I recently implemented Unicode Technical Report #29 which covers how to turn "text" into "letters", words, and sentences. I also ended up implementing Technical Report #14 which covers line breaking - good places to start text on the next line when the current line is getting too long.

My guess is that less than 10 developers have fully implemented both of these, and I have now joined that very small club.

November 2024 Unicode 16.0 came out - see the end for my thoughts

How hard could it be?

Unicode aims to have one way of representing human text for computers. Before its widespread adoption, different computer systems and even programs had completely different and very incompatible ways of representing text, and it was a mess to read, write, print, copy, and backup text.

This is an extraordinarily hard problem to solve. Are upper and lower case A` the same letter? What about bold, and italic? What about rotated? Fonts? Is ß a different letter or just a different way of drawing two lower case s? Ligatures? Is a lower case e in French without an accent the same as e in English? Is Roman numeral different than i? That barely scratches the surface of Western Europe, and now throw in the whole world with a rich diversity and history of writing. Thankfully experts have been working on this for several decades.

Codepoints

Unicode assigned a number (codepoint) per "letter". This doesn't work because some writing systems use a base letter (eg a consonant) and then add marks on the letter (eg vowels), and having one codepoint for each combination would be a very large number.

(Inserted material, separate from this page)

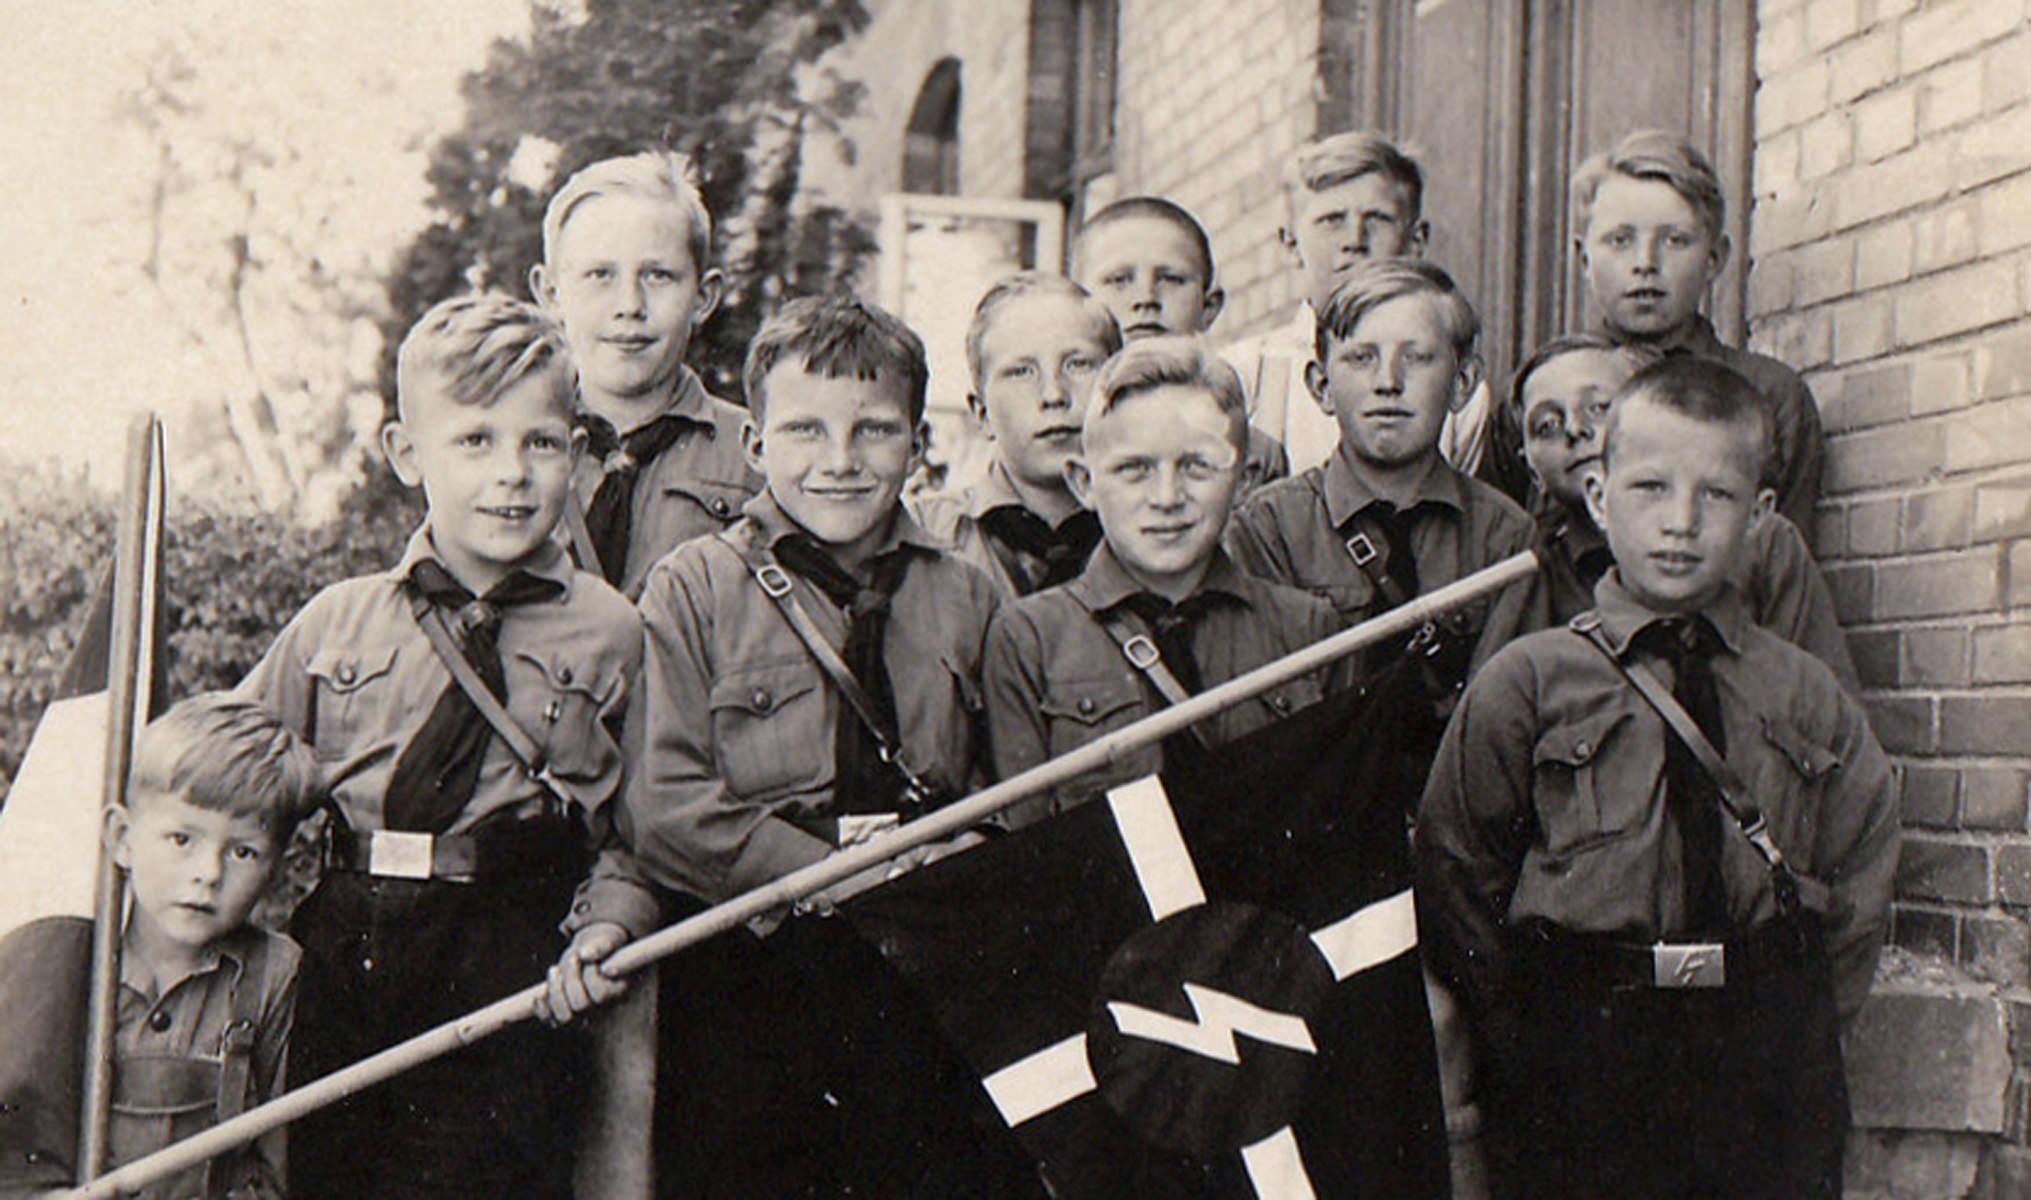 Hitlerjugend, Jungvolk, HJ, Pimpfe mit Wimpel an der Schule in Eggeberg. Foto Leihgabe von Wolfgang Modersohn.

This led to combining codepoints that could modify a base, allowing adding accents, vowels, and other marks to represent human writing,

The fateful decision

There were two possible ways of representing these values - for example letter-e and combing-acute-accent

Modifier first

combing-acute-accent then letter-e

Base first

letter-e then combing-acute-accent

If modifier first had been chosen, then each letter as perceived by a human (ie with all the modifiers applied) would be easy to determine by computer code - accumulate modifiers until you find a base. You now have one user perceived letter (aka grapheme cluster).

Base first was chosen. That means code sees a codepoint, but has to keep looking ahead to see if there are more modifiers that apply to the base. It gets way more complicated with zero width joiners, variation selectors, regional indicators, and Indic syllabic categories to name a few.

The consequences

Because of the complexity, most programming languages just pretend that each codepoint is one "letter" and takes one unit of storage, but often worse (well worth a read) conflating byte encoding, grapheme clusters, and indexing. They then require third party libraries to get words, sentences, and line breaking.

I've been adding support for SQLite's full text search to APSW (my Python SQLite wrapper) and it became very clear very quickly that doing things properly was necessary.

SQLite has a unicode61 tokenizer but it works on individual codepoints and their categories on a version of Unicode from 2012 (to remain stable, and Lite). It doesn't implement any rules for words other than whitespace and punctuation which makes it unsuitable for the languages used by billions of people. It also doesn't handle regional indicators, variation selectors, zero width joiners, some emoji etc.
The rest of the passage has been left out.